__Input data__:
Segment Open
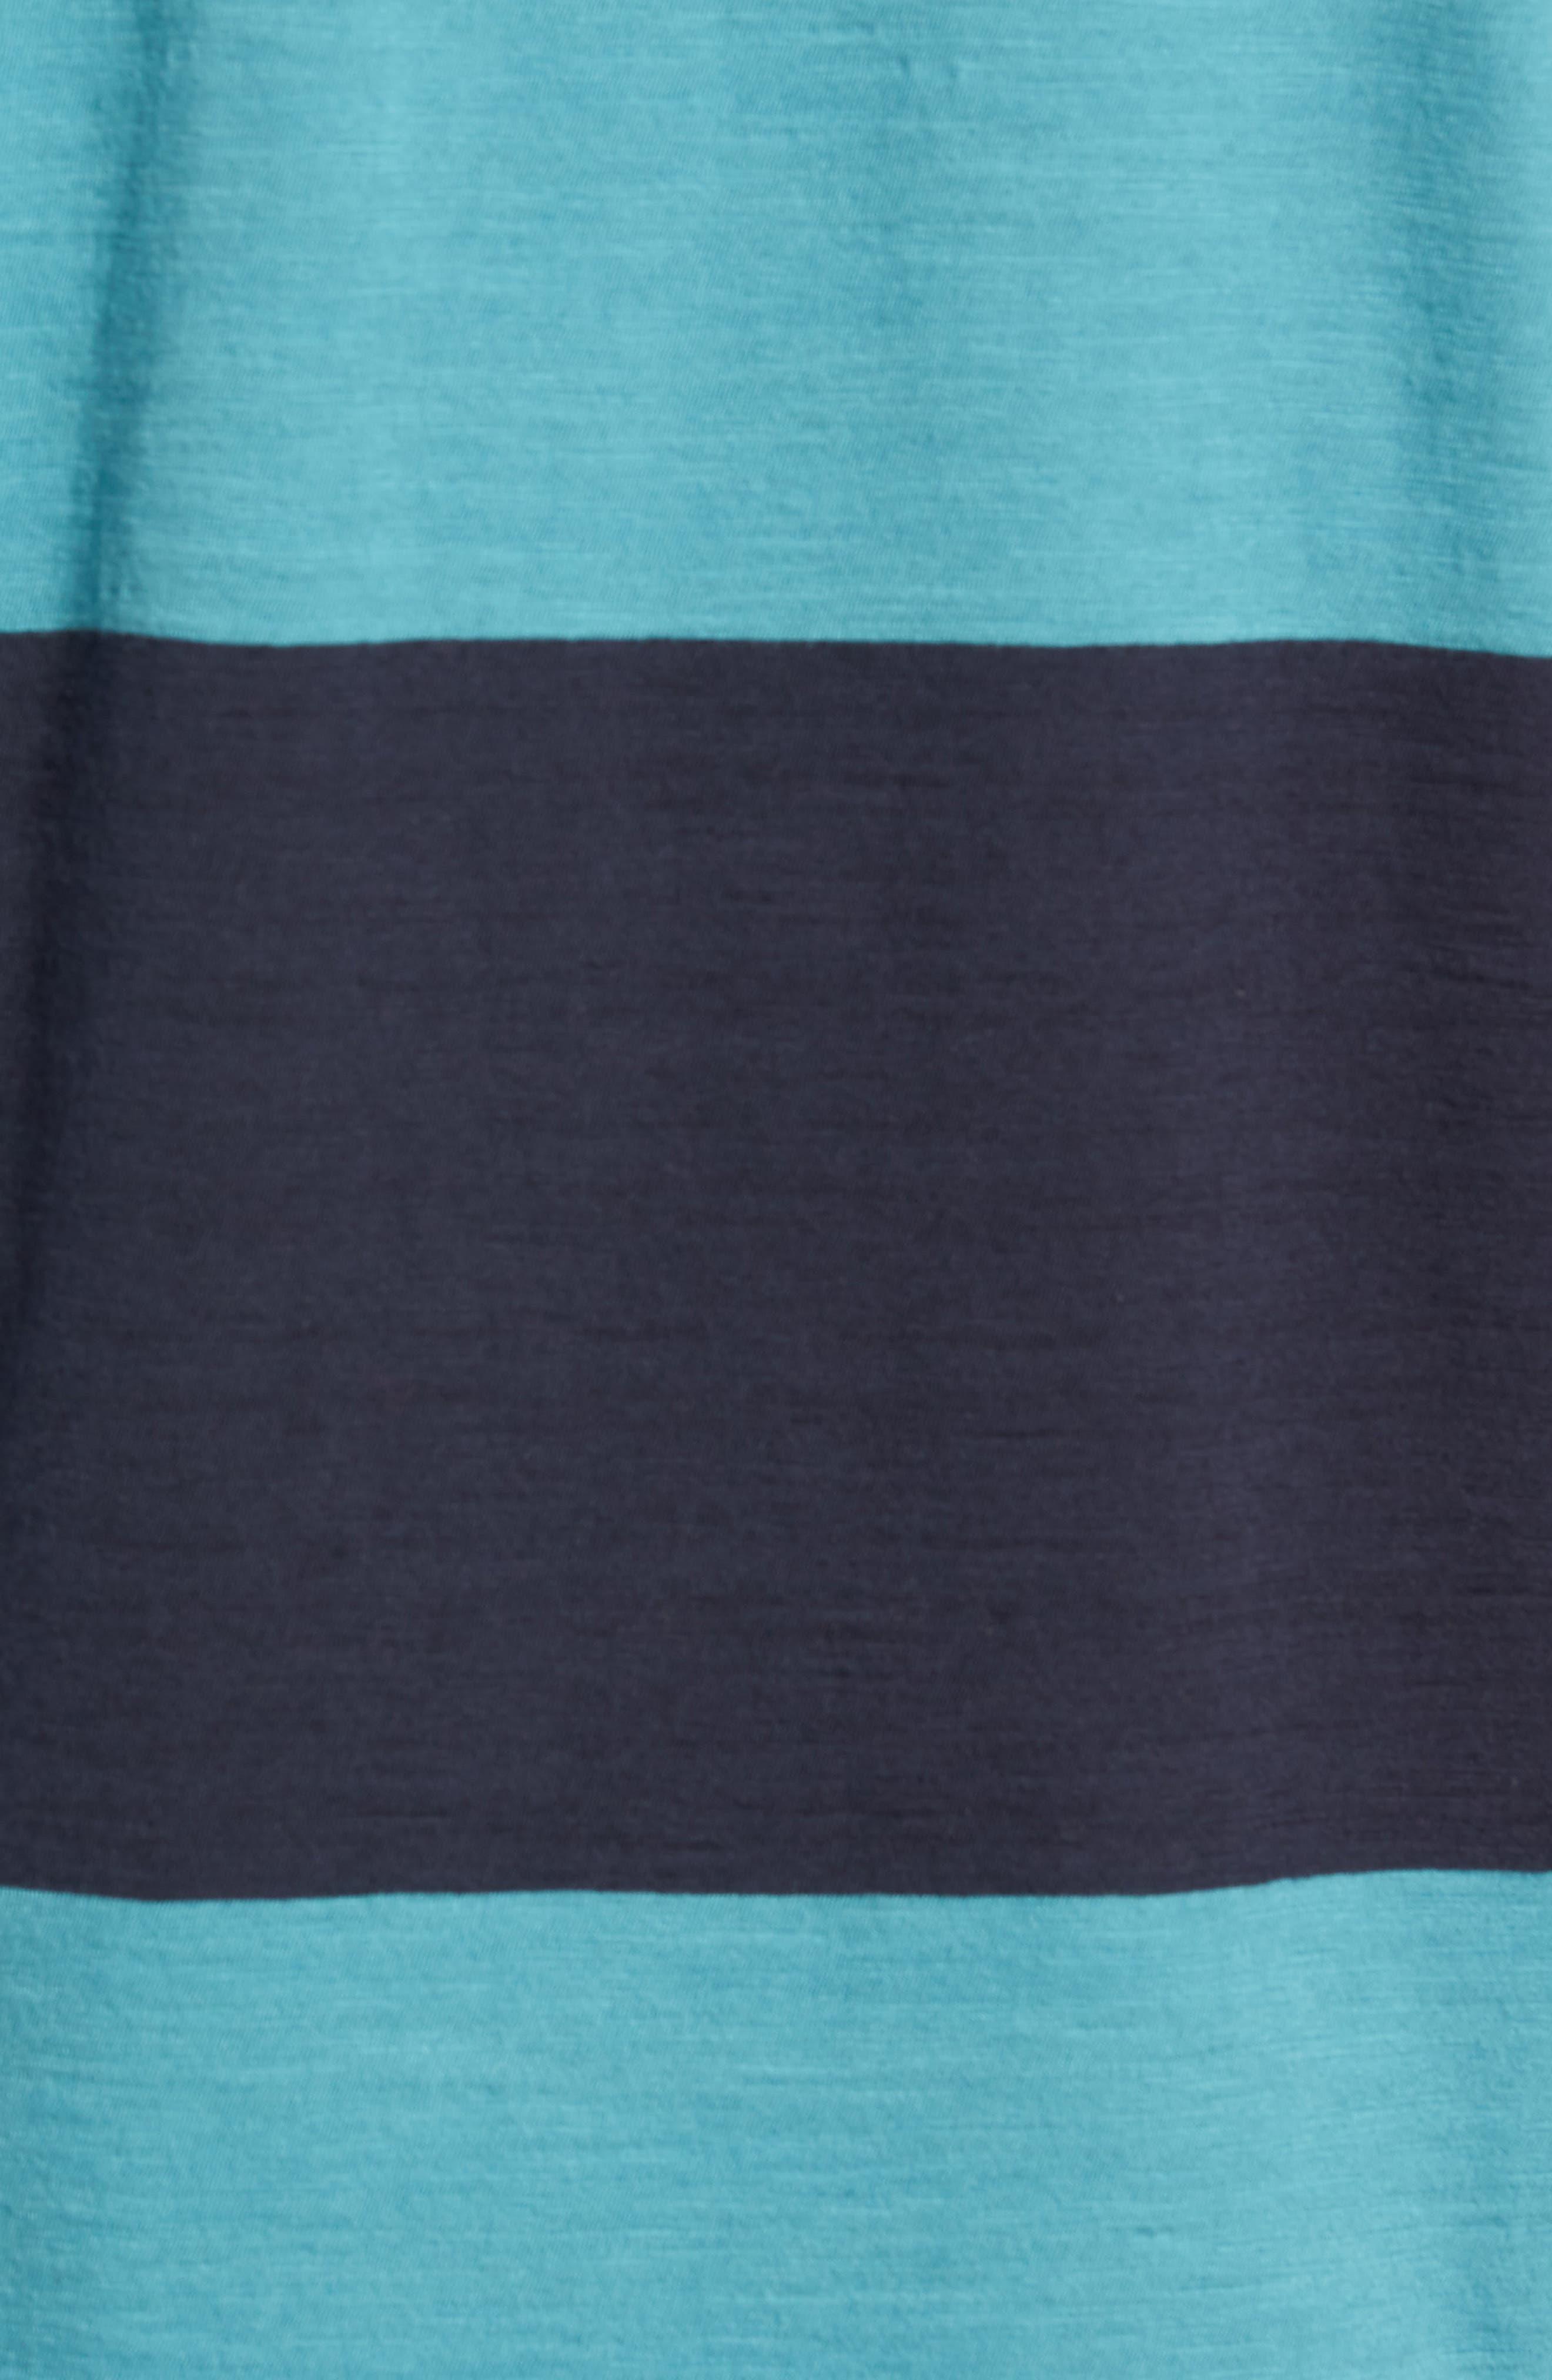 Colorblock Slubbed Pocket T-Shirt,                             Alternate thumbnail 5, color,                             NAVY/ BLUE
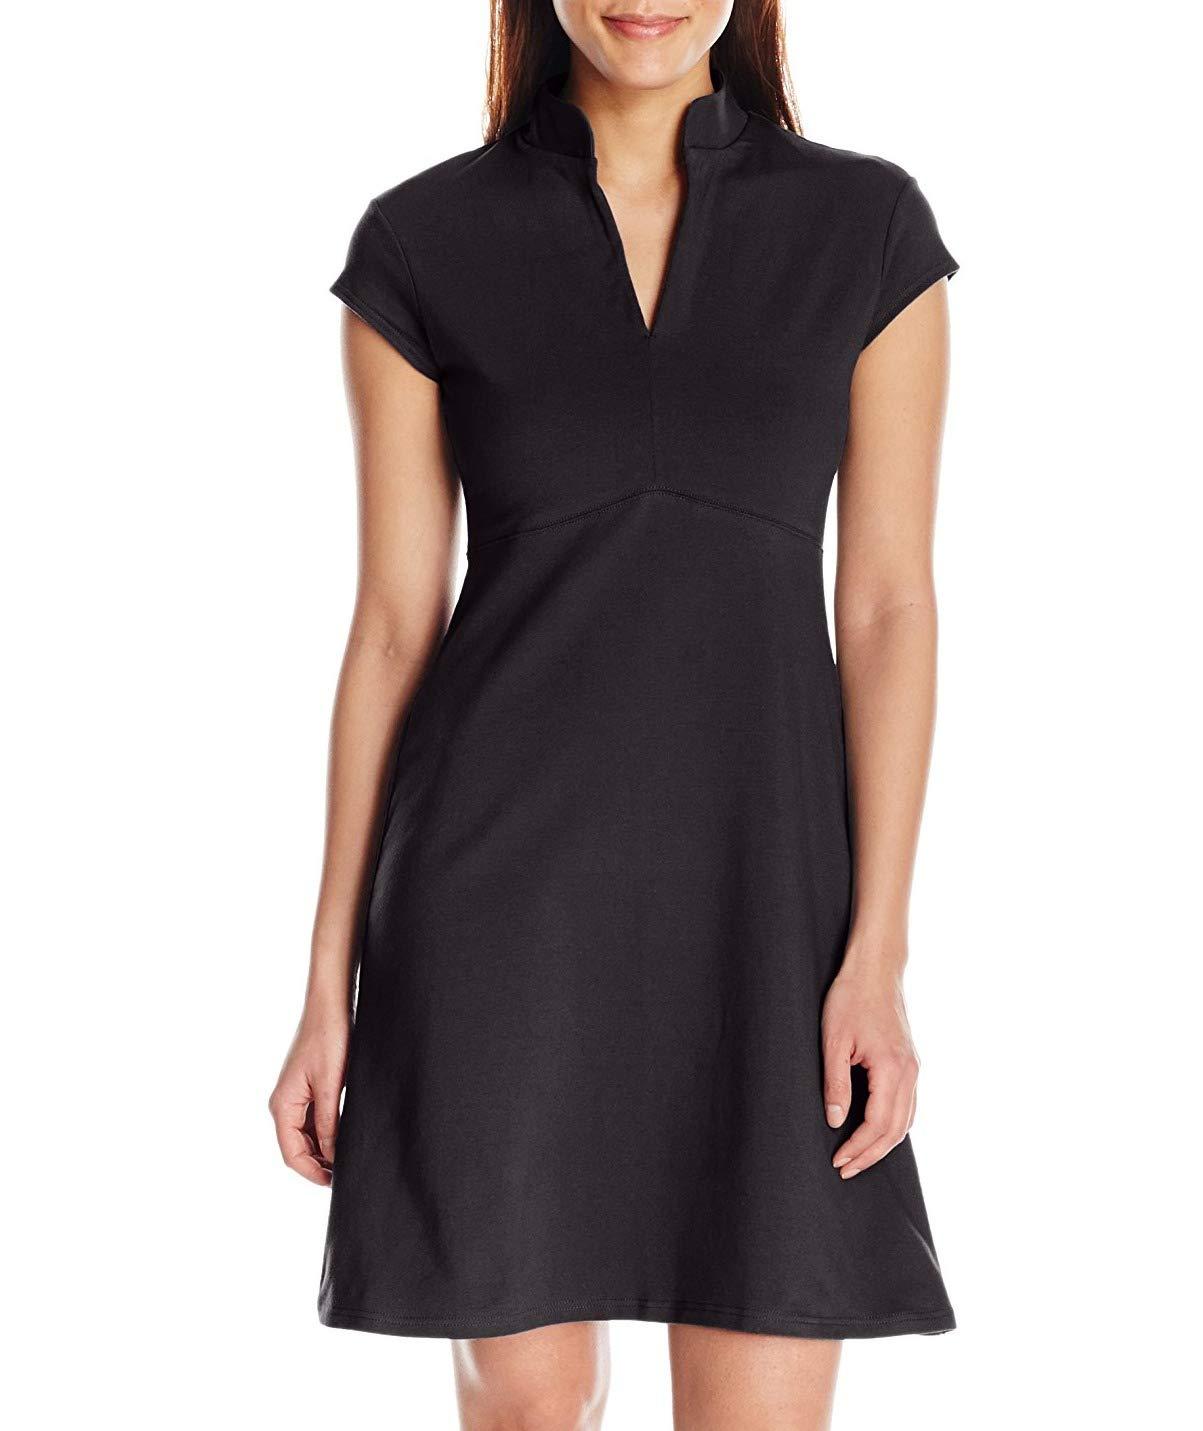 FIG Women's Bom Dress
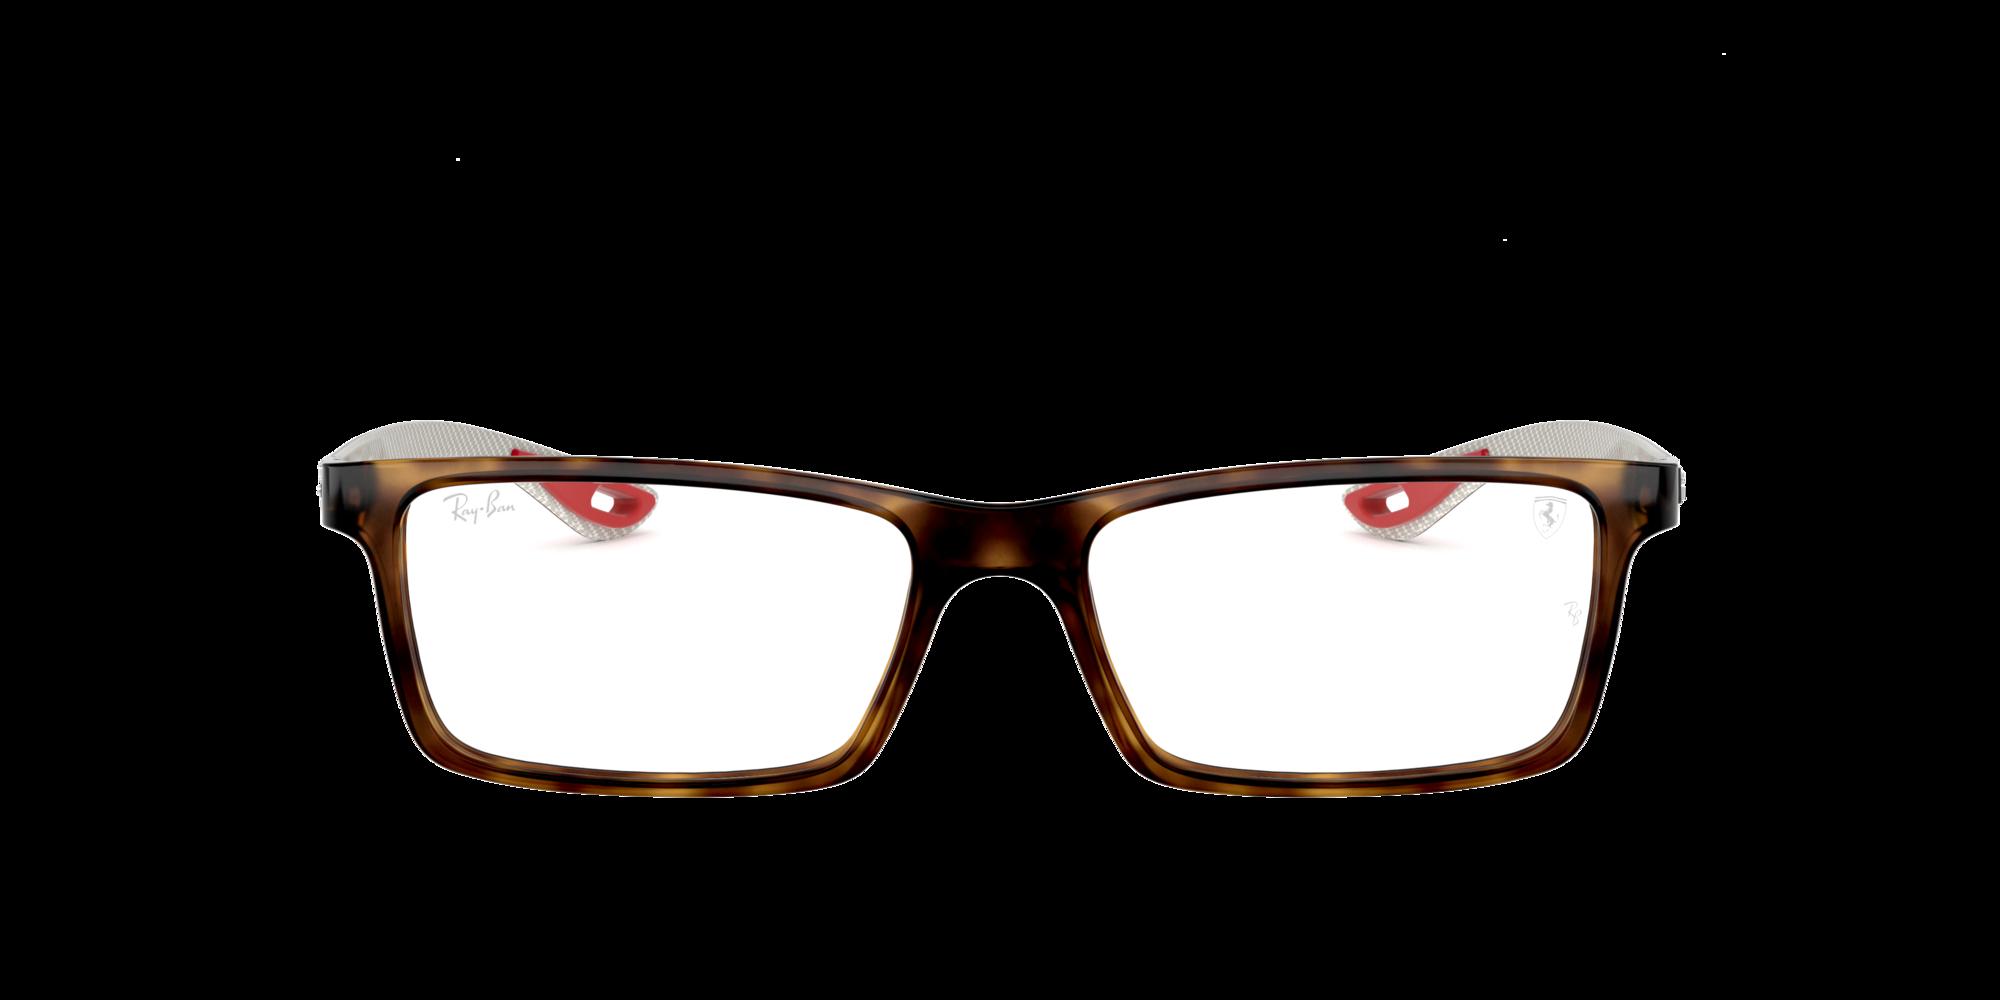 Image for RX8901M FERRARI from LensCrafters | Glasses, Prescription Glasses Online, Eyewear
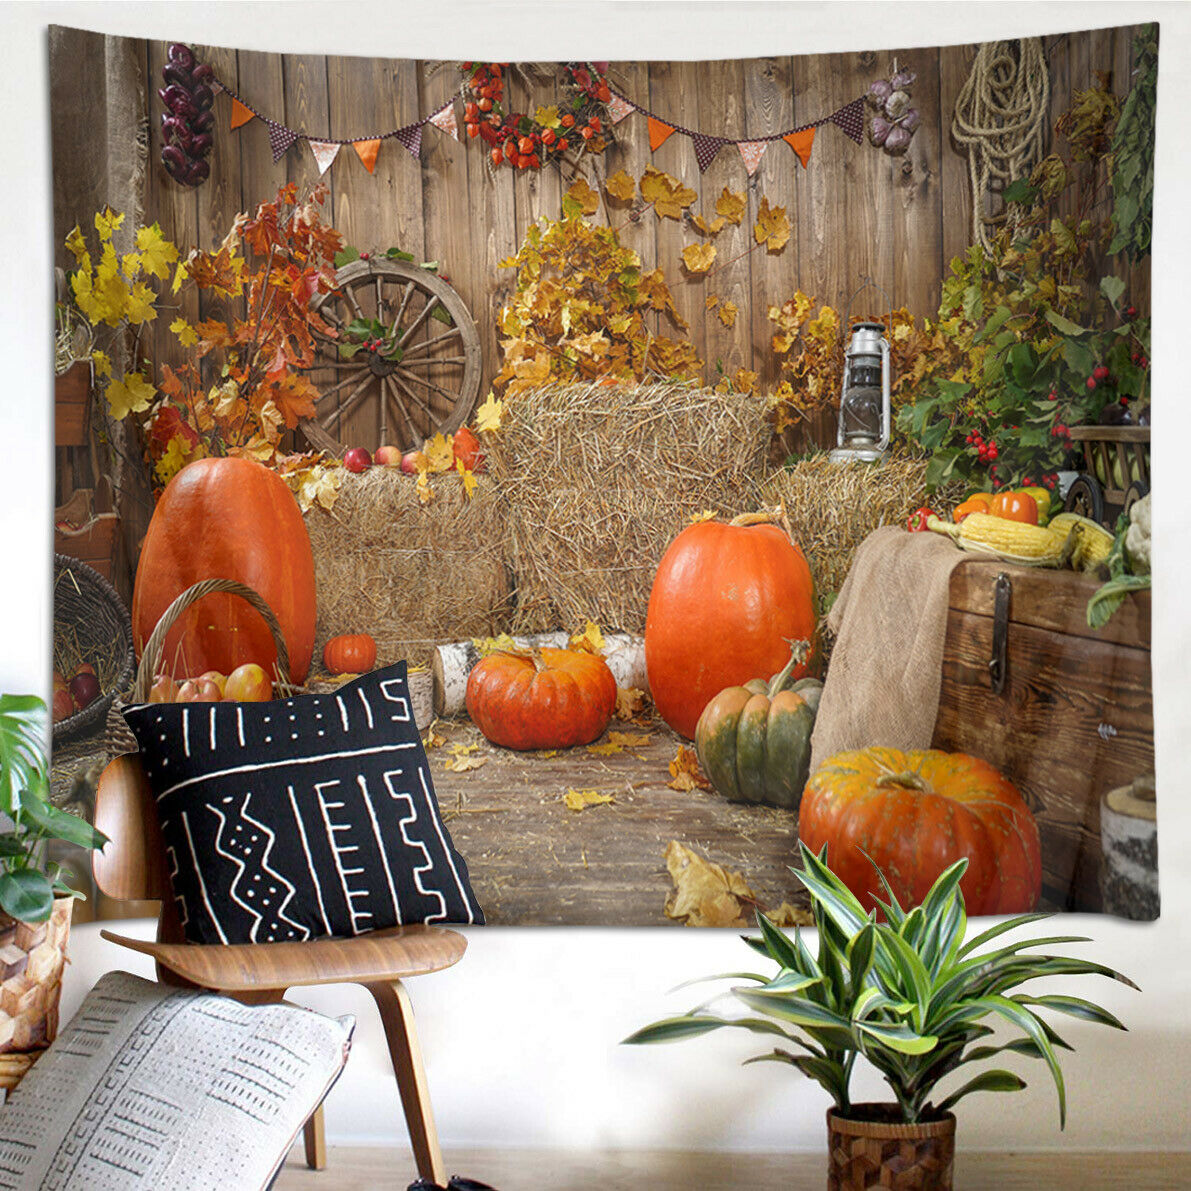 Thanksgiving Decor Autumn Hay Pumpkins Tapestry Wall Hanging Living Room Bedroom
Segment Closed
Restate the listing word for word, pictures omitted.

 Colorblock Slubbed Pocket T-Shirt,                             Alternate thumbnail 5, color,                             NAVY/ BLUE
 FIG Women's Bom Dress
 Image for RX8901M FERRARI from LensCrafters | Glasses, Prescription Glasses Online, Eyewear
 Thanksgiving Decor Autumn Hay Pumpkins Tapestry Wall Hanging Living Room Bedroom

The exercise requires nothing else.